Esta é a Cidade
Esta é a Cidade, e é bela.
Pela ocular da janela
foco o sémen da rua.
Um formigueiro se agita,
se esgueira, freme, crepita,
ziguezagueia e flutua.
Freme como a sede bebe
numa avidez de garganta,
como um cavalo se espanta
ou como um ventre concebe.
Treme e freme, freme e treme,
friorento voo de libélula
sobre o charco imundo e estreme.
Barco de incógnito leme
cada homem, cada célula.
É como um tecido orgânico
que não seca nem coagula,
que a si mesmo se estimula
e vai, num medido pânico.
Aperfeiçoo a focagem.
Olho imagem por imagem
numa comoção crescente.
Enchem-se-me os olhos de água.
Tanto sonho! Tanta mágoa!
Tanta coisa! Tanta gente!
São automóveis, lambretas,
motos, vespas, bicicletas,
carros, carrinhos, carretas,
e gente, sempre mais gente,
gente, gente, gente, gente,
num tumulto permanente
que não cansa nem descansa,
um rio que no mar se lança
em caudalosa corrente.
Tanto sonho! Tanta esperança!
Tanta mágoa! Tanta gente!
António Gedeão (1906–1997)
Rua de Santa Catarina, Porto (Foto: Gunawan Widjaja)
Comentários: 3
A Rua de Santa Catarina é maravilhosa. Já há muito que não vou ao Porto e tenho algumas saudades dessa baixa portista e de ir ao Majestic comer uma torrada e um galão bem quentinho !!!
De António Gedeão o melhor.
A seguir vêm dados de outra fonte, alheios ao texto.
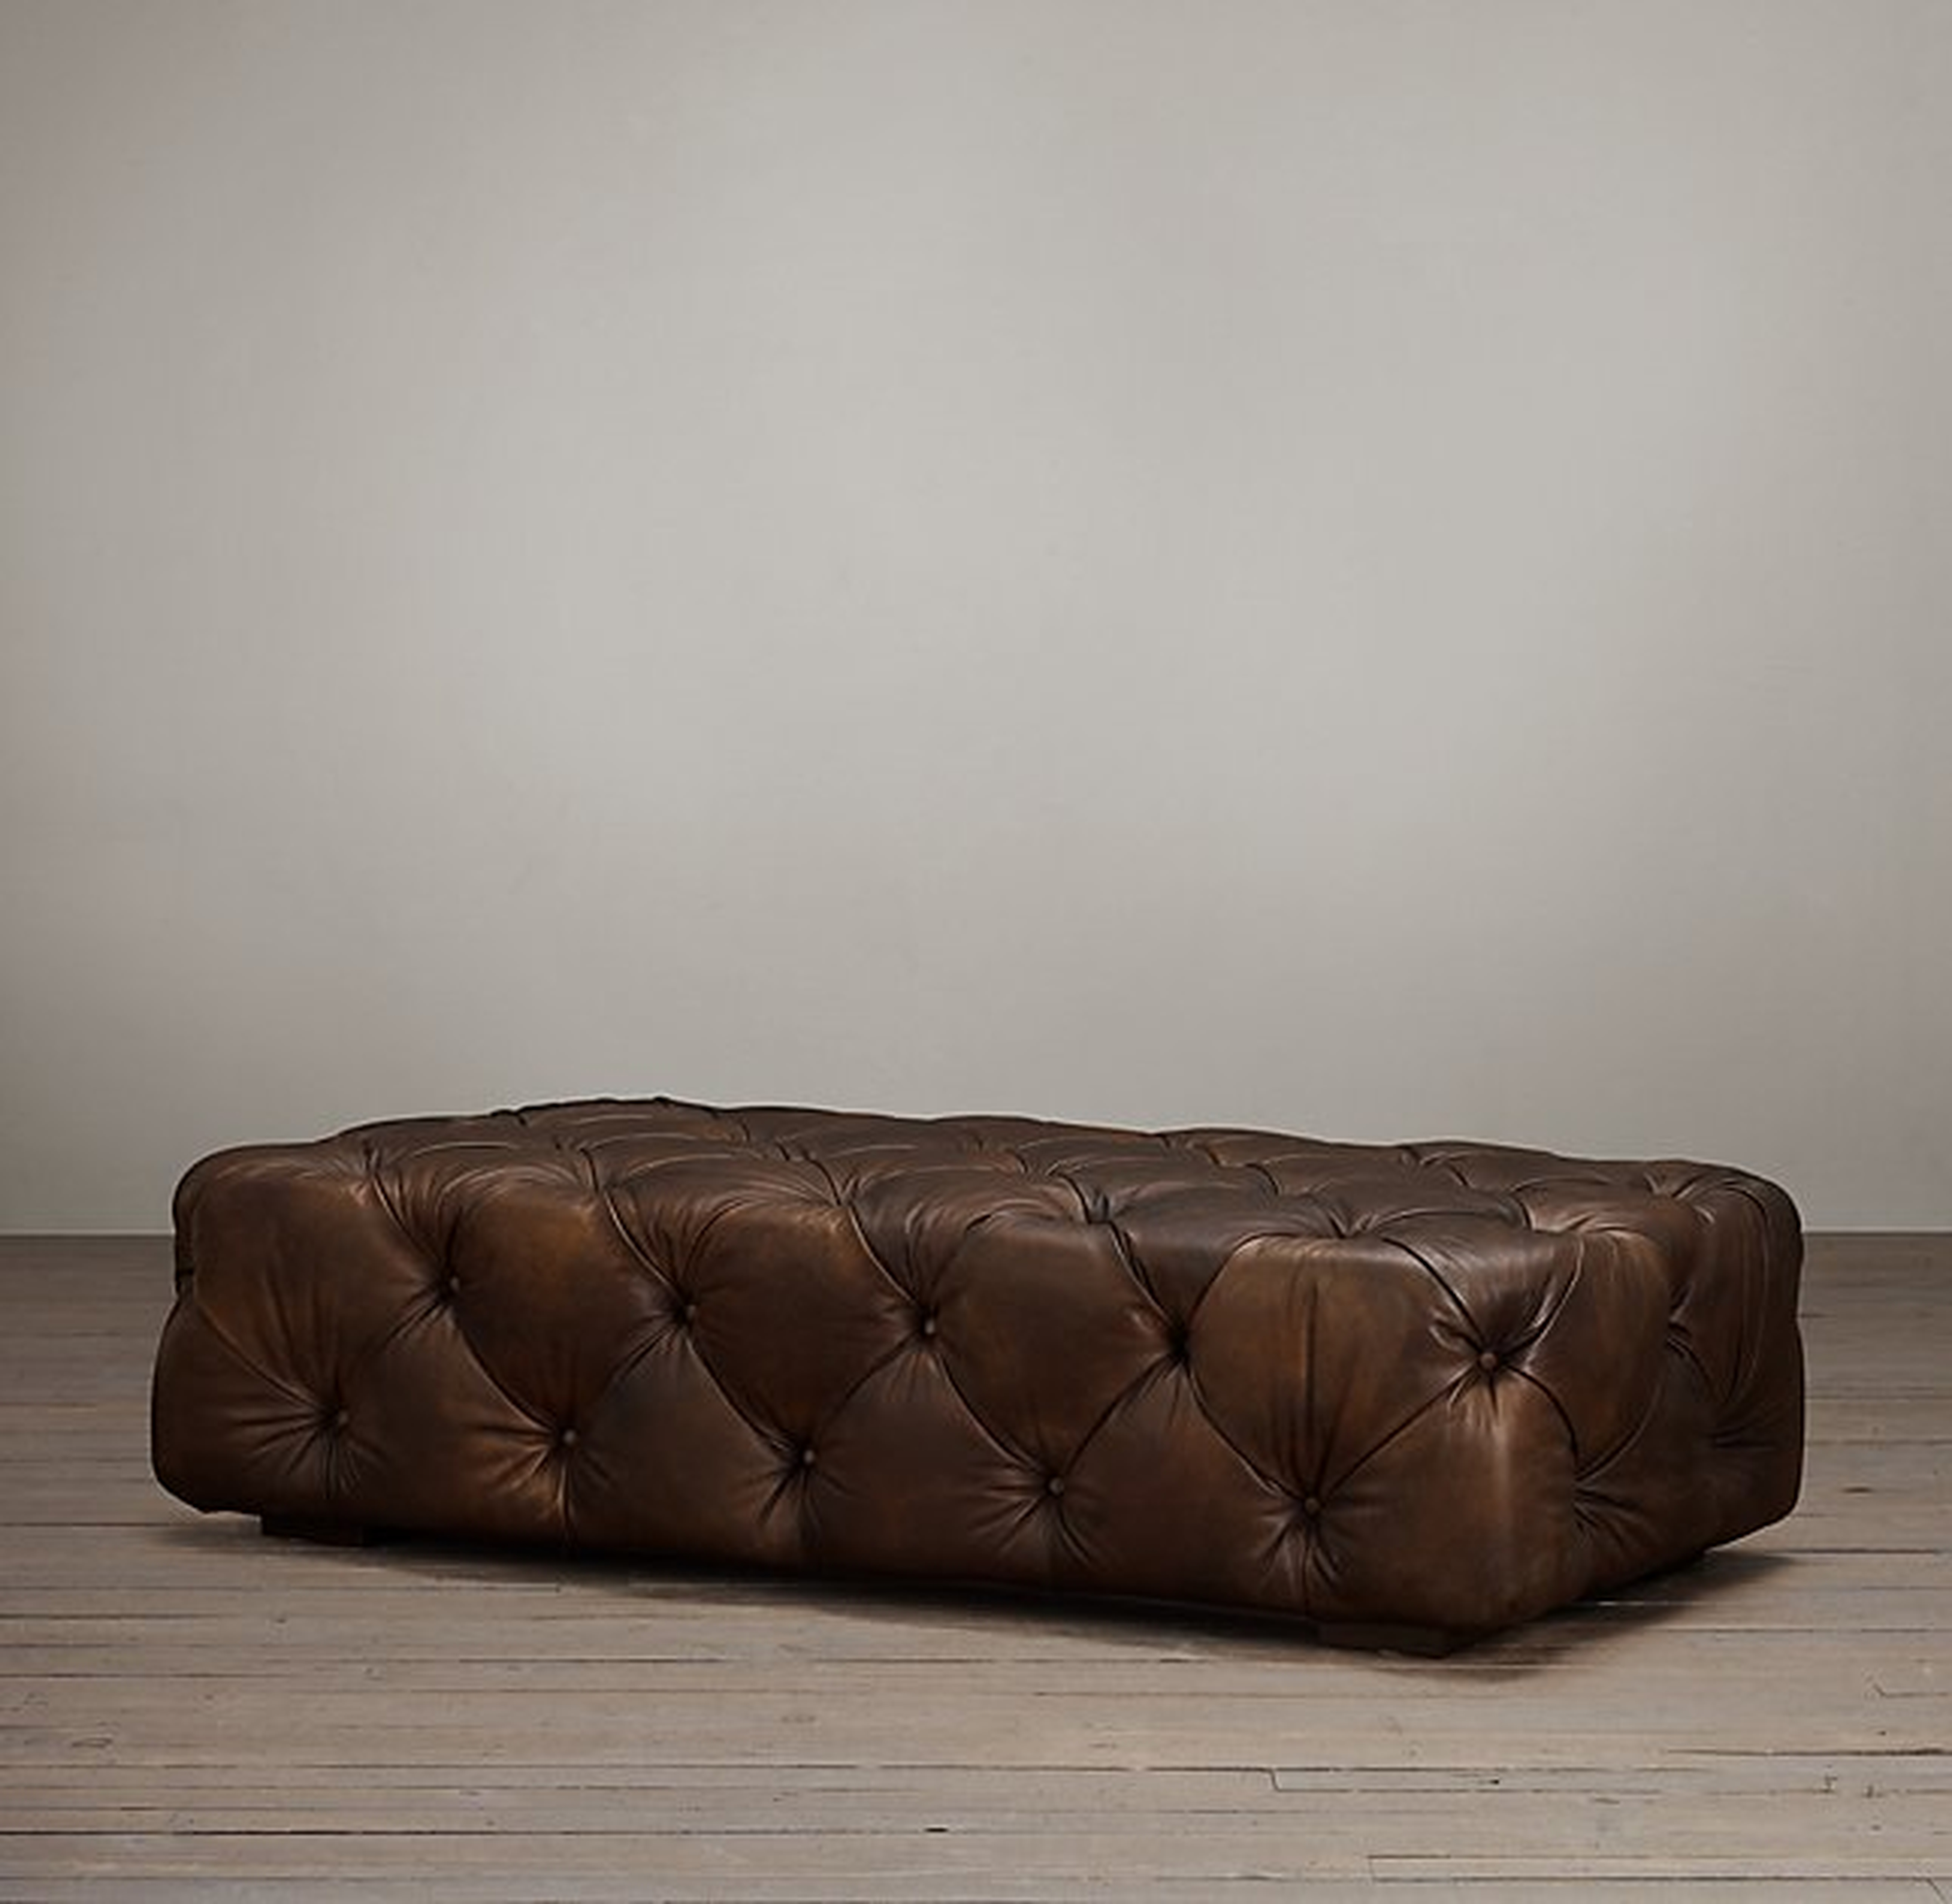 Soho Tufted Leather Ottoman - Leather Antiqued Chestnut - RH

É mais um dos Grandes Poetas Portugueses !
Amigo Ricardo Santos,
É evidente que a cidade glosada neste poema por António Gedeão é Lisboa. Ele era de Lisboa, vivia em Lisboa e quando escreveu as palavras «esta cidade», era a Lisboa que se referia. Mas a verdade é que ele não nomeou a cidade e o poema pode ser aplicado a qualquer cidade do mundo. Por isso, resolvi ilustrá-lo com uma fotografia da mais emblemática rua de comércio tradicional desta cidade do Porto, que é a Rua de Santa Catarina.
Eu podia ter escolhido uma foto da lindíssima Rua das Flores (a do Porto), mas não o fiz porque a Rua das Flores foi, na minha opinião pessoal, invadida em excesso pelo turismo. O pouco comércio tradicional que ainda existia na Rua das Flores foi varrido pela vaga turística, como foi o caso de um conceituadíssimo alfarrabista que nesta rua existia e que teve que fechar as portas para dar lugar a um bar ou a um restaurante qualquer. Assim, não.
Eu confesso que nunca fui cliente habitual do Café Majestic. É muito raro lá entrar. Mas reconheço que é um maravilhoso estabelecimento evocativo da Belle Époque, onde apetece ficar a conversar com os amigos enquanto se bebe um aromático café.